As for cgit's runtime dependencies... I've decided to keep these to an
absolute minimum and use only statically compiled binaries to reduce the
amount of work needed to maintain the chroot setup. Whilst this means
that cgit will **not** have access to a shell (or, for that matter, a
Python interpreter), a very decent chunk of its filter capabilities can
still be used in conjunction with the wonderful
[lowdown](https://kristaps.bsd.lv/lowdown/) and
[mandoc](https://mandoc.bsd.lv/) projects and a tiny custom C
[program](https://git.oriole.systems/skein/tree/cgit-about-filter.c)
invoking them.

Finally, the directives needed for Caddy are as simple as:

```
git.oriole.systems {
	import shared
	root /srv/cgit/home/wolf/instances/git.oriole.systems/site/

	fastcgi / /run/slowcgi.cgit.sock {
		env SCRIPT_FILENAME /bin/cgit
		env CGIT_CONFIG /home/wolf/instances/git.oriole.systems/config

		except /cgit.css /custom.css /logo.svg /favicon.svg /robots.txt
	}
}
```

### Configuring cgit

All that remains now is configuring cgit itself to work with this
framework. There's not much to be done in that regard, it simply needs
to be pointed to my custom
[`cgit-about-filter`](https://git.oriole.systems/skein/tree/cgit-about-filter.c)
program, and the repository location within the chroot:

```
about-filter=/bin/cgit-about-filter
scan-path=/home/wolf/instances/git.oriole.systems/repos
```

For projects with a `README` file formatted in markdown, `lowdown(1)`
will take care of HTML conversion. Manuals are formatted by `mandoc(1)`.
Given the lack of a Python interpreter there is no syntax highlighting,
but I find excessive syntax highlighting unappealing anyway. A couple
more changes to cgit's default `cgit.css`... and we're done!

## git.oriole.systems

Finally, after about a week's worth of research, experimentation, and
setup work, my new Git web interface is finally online under
[git.oriole.systems](https://git.oriole.systems)! A great deal of
care has gone into setting it up *just right*, and I dearly hope this
will be useful for people, enjoyable to use, and interesting to just
browse around in.

### Future work

A few things remain to be done in the next few weeks and months. For
one, I'll have to look at changing my `Caddyfile` to be compatible with
the recent release of Caddy 2, before I fully switch over to it. That
means having to relearn most of what Caddy does, and may be a bit
time-consuming. Of course I'll also have to remain backwards compatible
with all the things I have already set up.

There's a few things to be done on the Git web interface front, too:
Right now I still serve Git repositories using the ["Dumb
HTTP"](https://git-scm.com/book/en/v2/Git-on-the-Server-The-Protocols#_dumb_http)
protocol. Integration with Git's own
[`git-http-backend(1)`](https://git-scm.com/docs/git-http-backend) would
be a good addition. Furthermore, I have been planning for a very long
time to set up a [public inbox](https://public-inbox.org/) for issue
tracking and bug reports. Once that is set up, I'll have to link to the
proper addresses from within each Git repository.

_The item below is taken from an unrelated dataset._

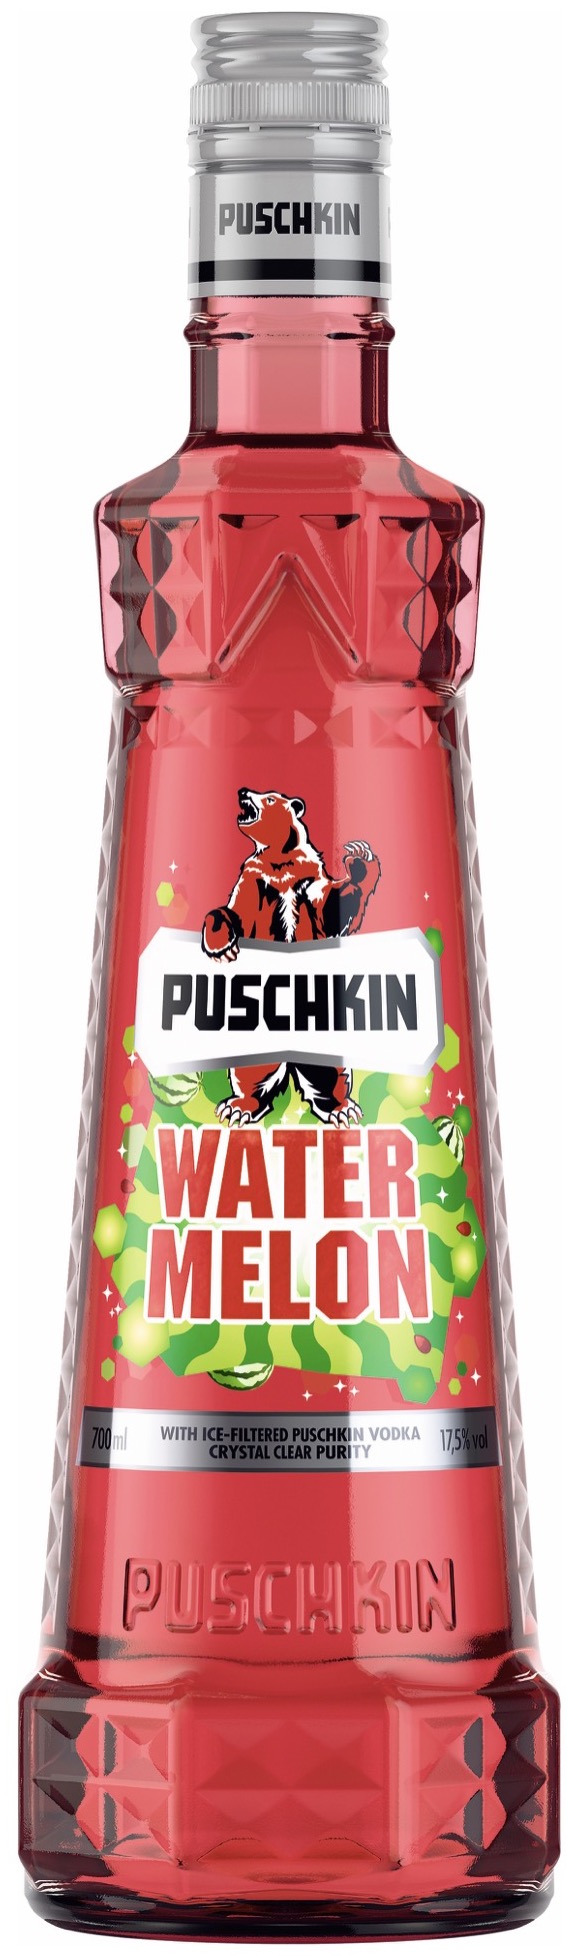 Puschkin Watermelon Vodka 17,5 % vol. 0,7 l

All this will be part of a future post. For now, enjoy.

[^1]: The chances of that happening are tremendously low, but
  [hope](https://git-send-email.io/) dies last, as they say.

[^2]: To my eternal chagrin, the project with the highest amount of
  stars was a hastily thrown-together shell script that fired up a
  now-playing notification for mpd...

[^3]: Not even supported yet, but is
  [introduced](https://github.com/go-gitea/gitea/pull/8788) with the
  upcoming `1.12.0`.

[^4]: The README [mentions](https://git.zx2c4.com/cgit/tree/README#n52)
  libcrypto and libssl, but as far as I can tell these are not needed.
  Git switched to [its own](https://github.com/git/git/commit/e6b07da2780f349c29809bd75d3eca6ad3c35d19)
  SHA1 implementation a few years back, and libssl may only be
  [required](https://github.com/git/git/blob/56219baf1eae50134ee05eaa64e26e7f1207042c/INSTALL#L132)
  for `git-imap-send(1)`.

[^5]: Sadly there's no good way to do
  [`pledge(2)`](https://man.openbsd.org/pledge.2) nicely on Linux, so those
  parts are ignored. And no, I'm
  [not](https://github.com/kristapsdz/acme-client-portable/blob/master/Linux-seccomp.md)
  [going](https://learnbchs.org/pledge.html)
  [to](https://lwn.net/Articles/738694/) pivot to `seccomp(2)`.

[^6]: For now that is just /dev/null.